Matheus%20Priebe%20Bertram's gravatar image

Matheus Prie...
6335
accept rate: 100%

edited 23 Oct '13, 06:23

I've implemented a remote capture server based on the Remote Packet Capture Protocol v.0

what do you mean by 'implemented'? Did you write your own rpcap daemon or did you use an existing tool? If the later, please tell us:

  • your OS and version of the client (where dumpcap is running)
  • your OS and version of the server (where the rpcap daemon is running)
(28 Oct '13, 09:30) Kurt Knochner ♦

I wrote my own rpcap daemon based on the "standard" rpcap daemon from WinPcap in order to get the communication protocol right.

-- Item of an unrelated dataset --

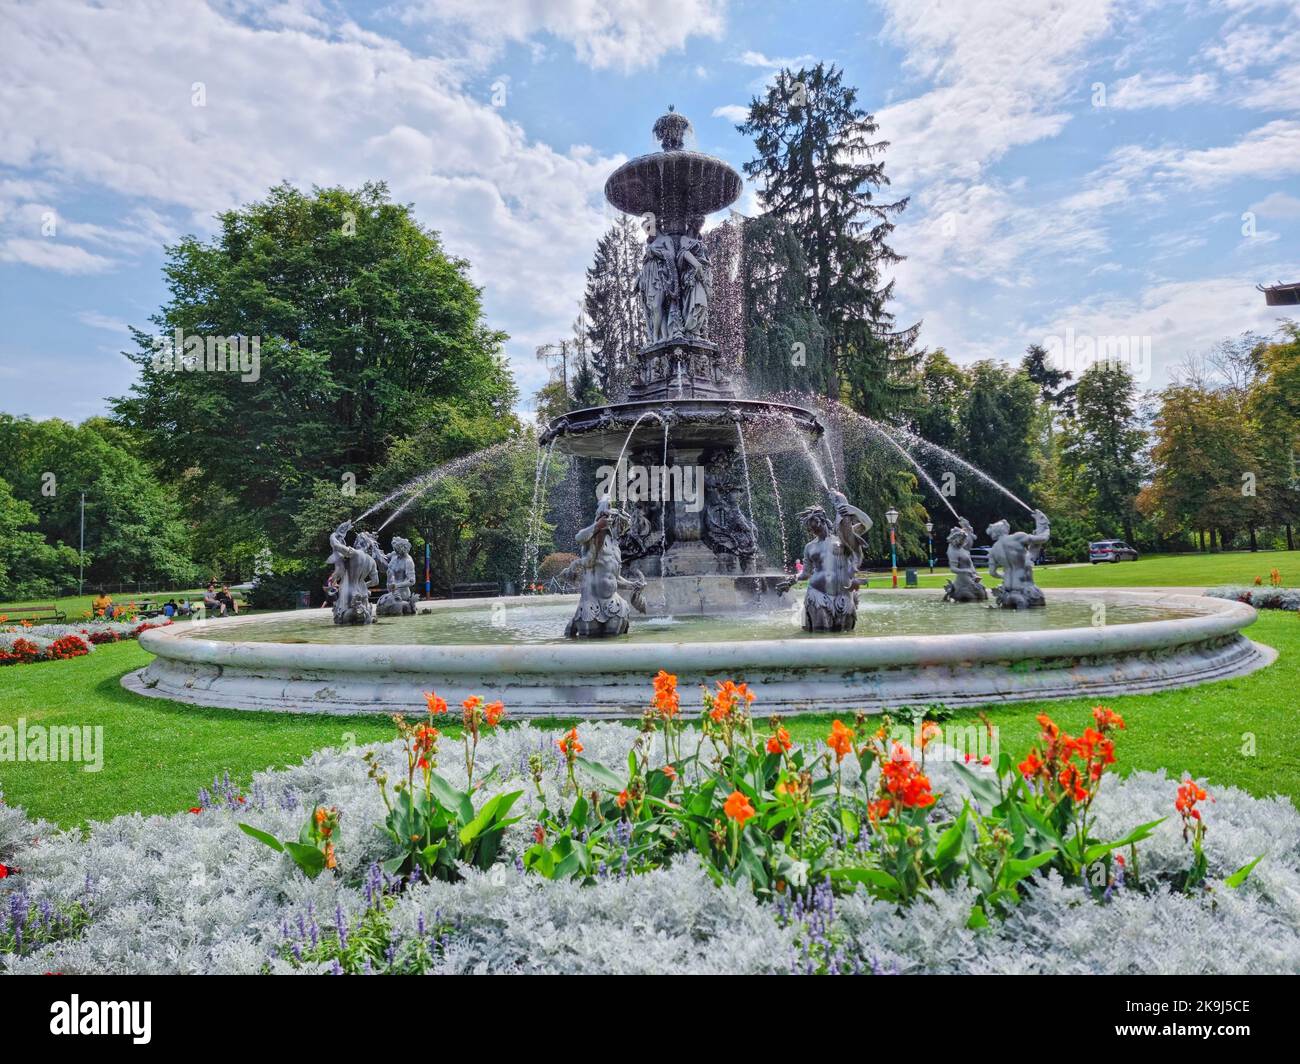 Beautiful fountain in the city park Stadtpark, a green island in the middle of the city center of Graz, Styria region, Austria. Selective focus Stock Photo

Client: Windows XP SP3. Server: openSUSE Linux 11.2.

I've debugged dumpcap and the problem seems to be around a call to pcap_dispatch. The access violation happens after the server has sent a start capture reply. As previously said, the failure does not happen if the option "Do not capture own RPCAP traffic" is turned off.

Thanks for the response.

(30 Oct '13, 03:17) Matheus Prie...

2 Answers:

0

The problem is solved now. After installing WinPcap 4.1.2 replacing WinPcap 4.0.2 (these modifications take place on the client, the server has used WinPcap 4.1.3 from the beginning) the client dumpcap does not crash anymore (at least statistically :-)). I'm not quite sure, however, about what exactly is the essential difference between both versions. That would require a thorough examination of both source codes.

answered 04 Nov '13, 02:15

Matheus%20Priebe%20Bertram's gravatar image

Matheus Prie...
6335
accept rate: 100%

0

I wrote my own rpcap daemon based on the "standard" rpcap daemon from WinPcap in order to get the communication protocol right.

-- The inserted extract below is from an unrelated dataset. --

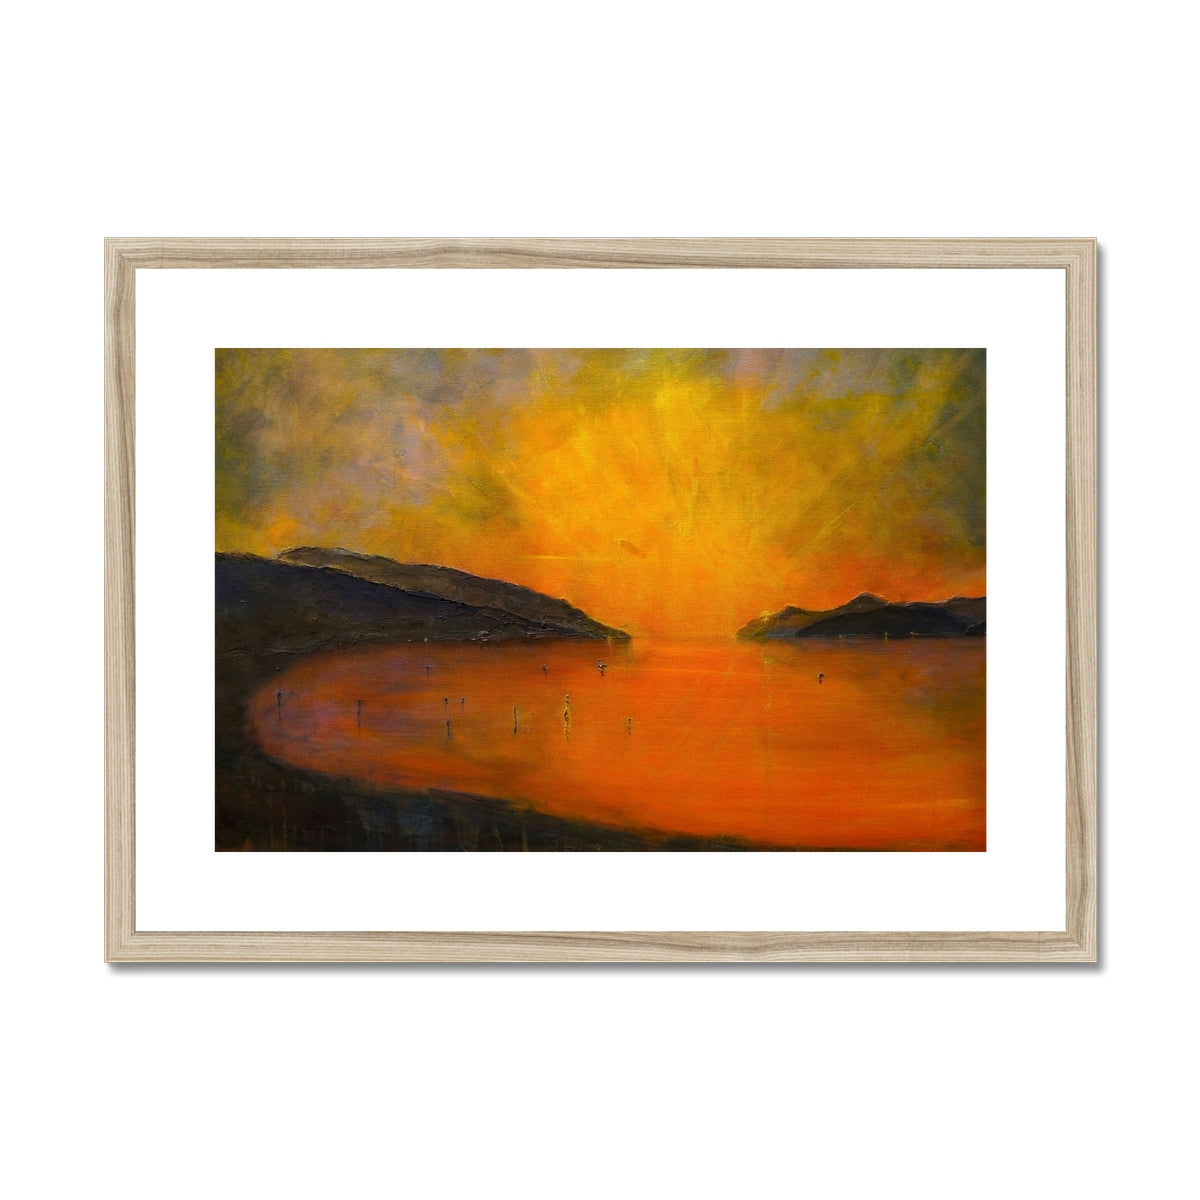 Loch Ness Sunset Painting | Framed & Mounted Prints From Scotland-Framed & Mounted Prints-Scottish Lochs & Mountains Art Gallery-A2 Landscape-Natural Frame-Paintings, Prints, Homeware, Art Gifts From Scotland By Scottish Artist Kevin Hunter

Hm.. sounds like a bug in your version of the RPCAP protocol 'kills' dumpcap and/or Wireshark.

I've debugged dumpcap and the problem seems to be around a call to pcap_dispatch. The access violation happens after the server has sent a start capture reply.

hm.. if you provide the wrong data within your version of the RPCAP protocol (too much or not enough data), that could be a problem, although a memory access violation is pretty bad.

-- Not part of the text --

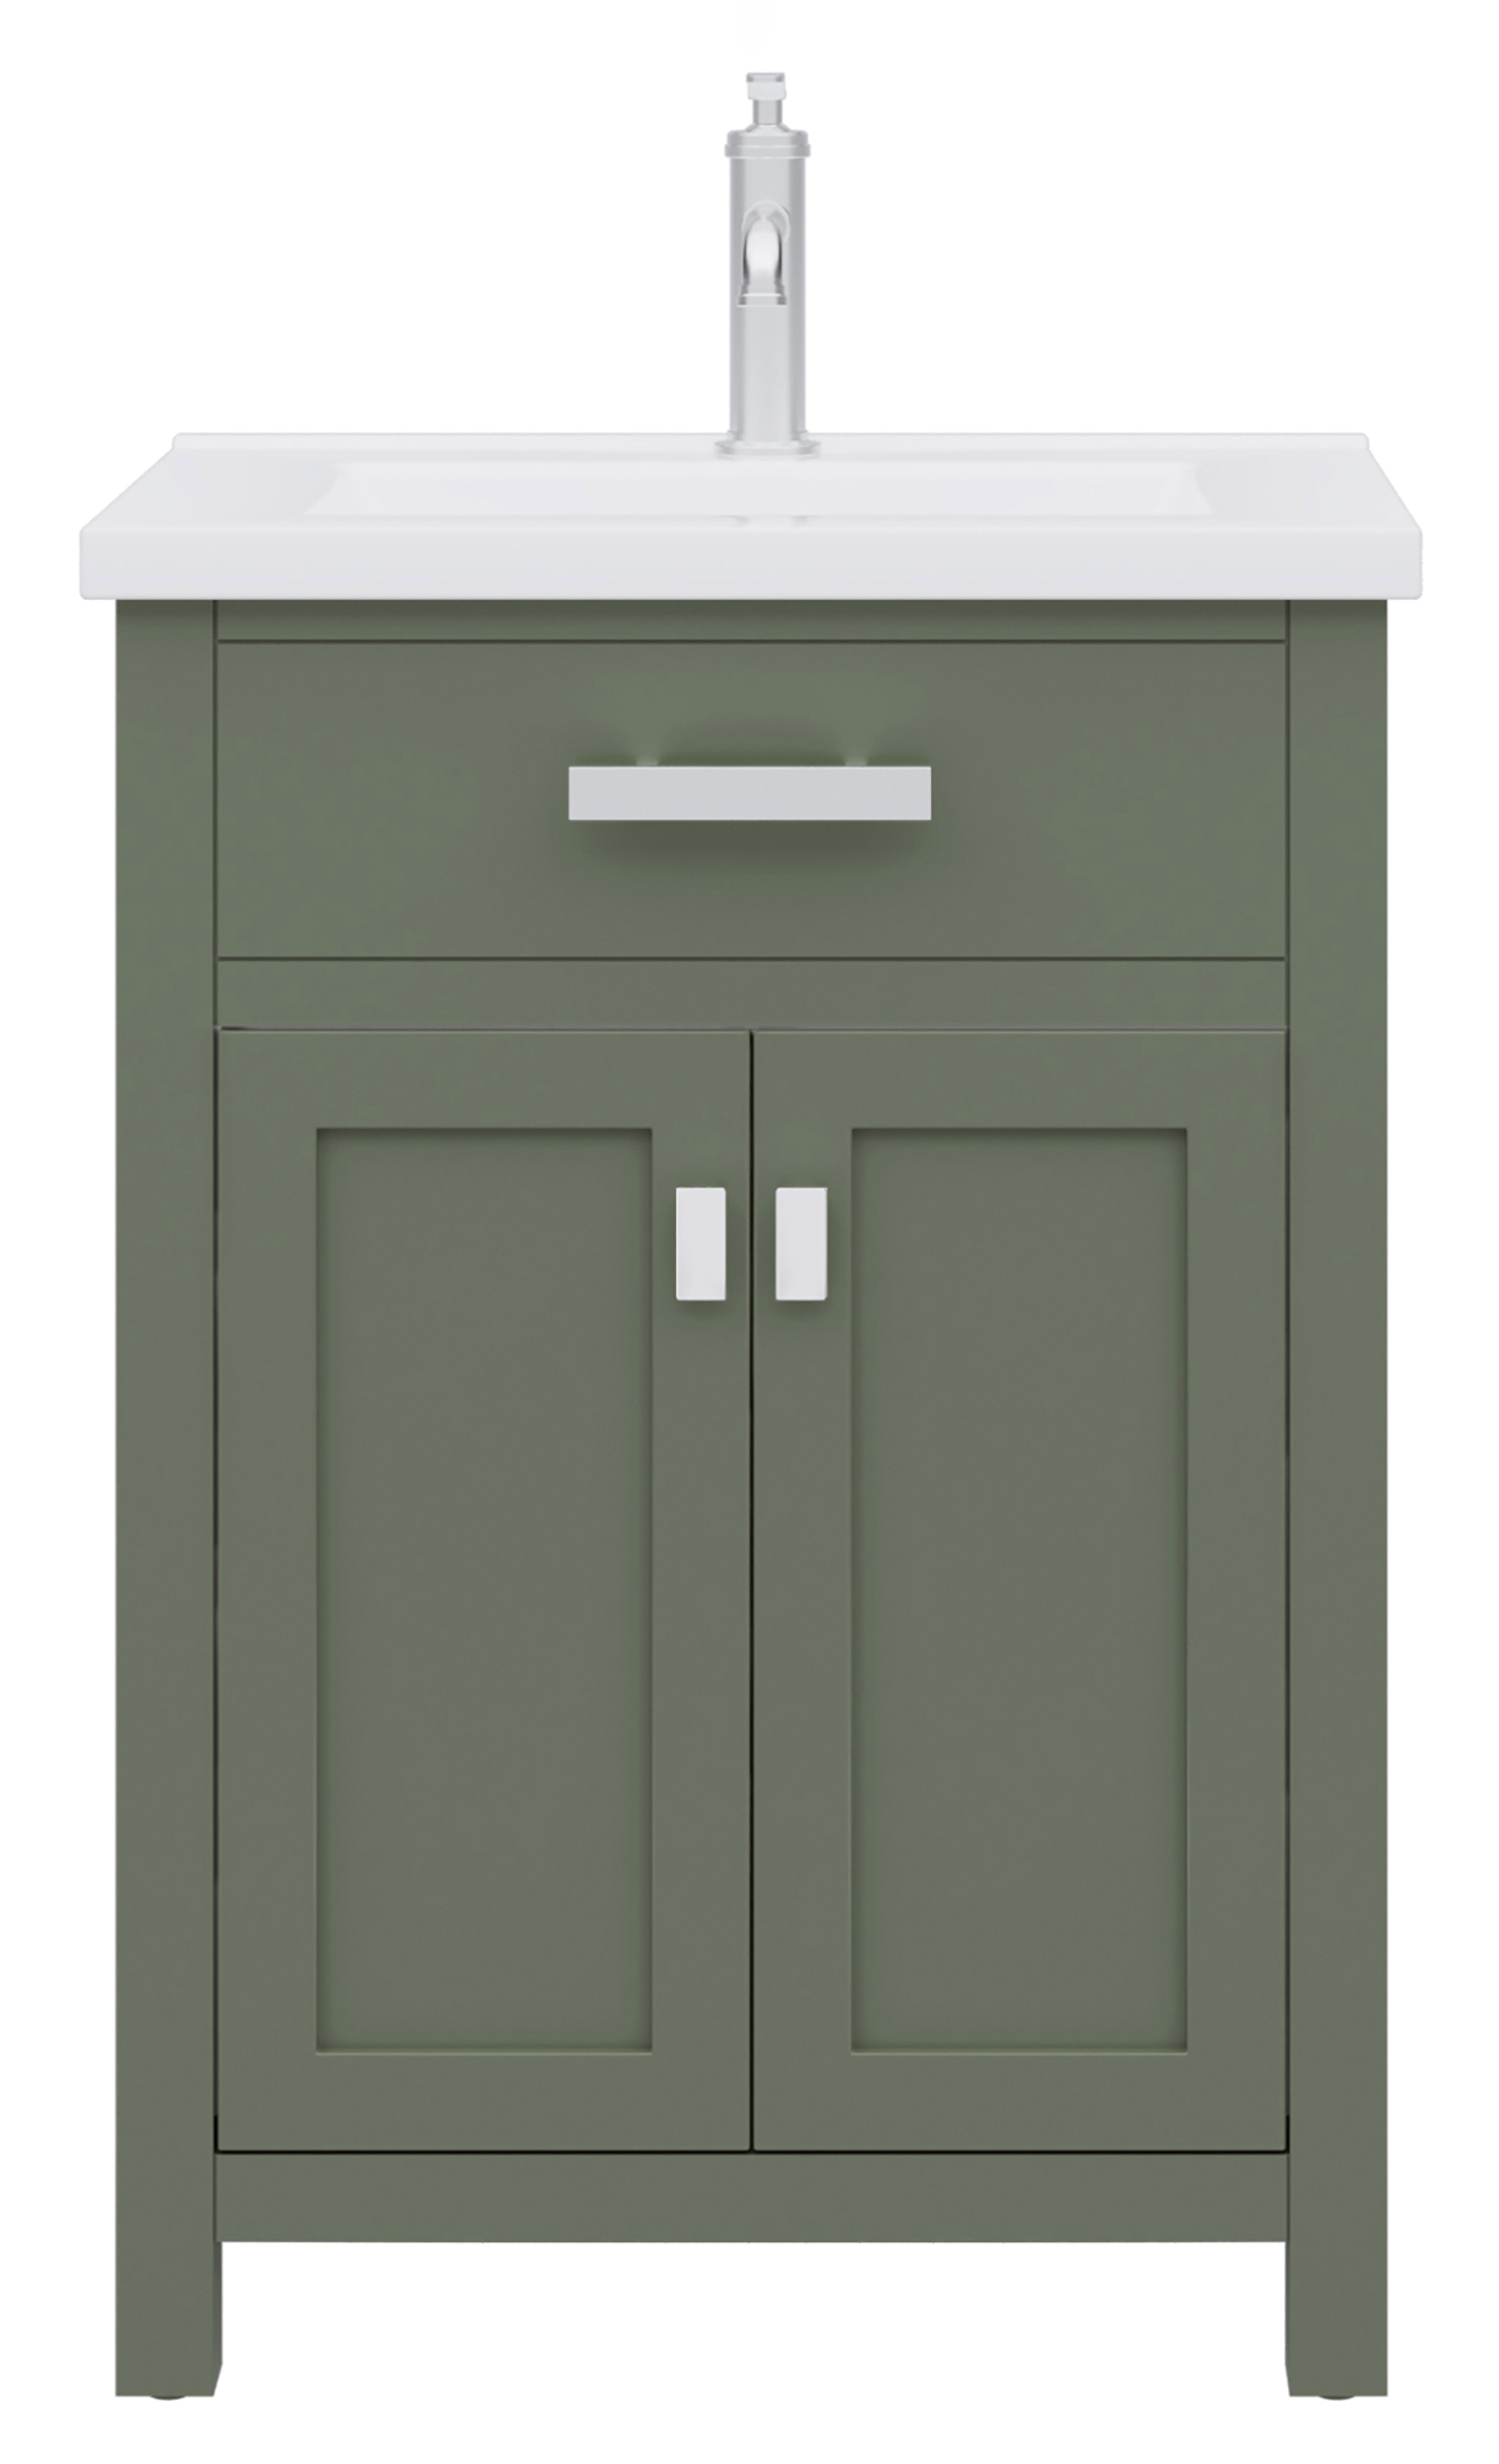 24" Integrated Ceramic Sink Top Vanity in Glacial Green with Faucet Option

As previously said, the failure does not happen if the option "Do not capture own RPCAP traffic" is turned off.

that's odd and sounds like there might be a bug in the RPCAP dissector that is triggered by a failure in your version of the RPCAP protocol (the dissector kills Wireshark).

However: What I don't understand: You said, dumpcap gets killed not Wireshark, in which case it cannot be a dissector bug.

I guess, this is more a problem of (your) code debugging than anything that we can solve within the Wireshark community.

Regards
Kurt

answered 30 Oct '13, 07:16

Kurt%20Knochner's gravatar image

Kurt Knochner ♦
24.8k1039237
accept rate: 15%

Hm.. sounds like a bug in your version of the RPCAP protocol 'kills' dumpcap and/or Wireshark.

That does not seem to be the case. I've traced the RPCAP communication between client and server with the RPCAP dissector and all packets are well-formed and correctly sent by the latter. I imagine the server could only kill the client's application if it had sent something incorrect, which is not the case.

hm.. if you provide the wrong data within your version of the RPCAP protocol (too much or not enough data), that could be a problem, although a memory access violation is pretty bad.

Not enough data, afaik, evokes a different problem on the client: it blocks until it receives at least the intended amount of data. This is also not the case, as the client accepts what it has received from the server and continues to run. Sending too much data seems not to be the case too, as the tracing done showed all packets sent from the server are well-formed. Furthermore, too much data should be treated by the client with a discard.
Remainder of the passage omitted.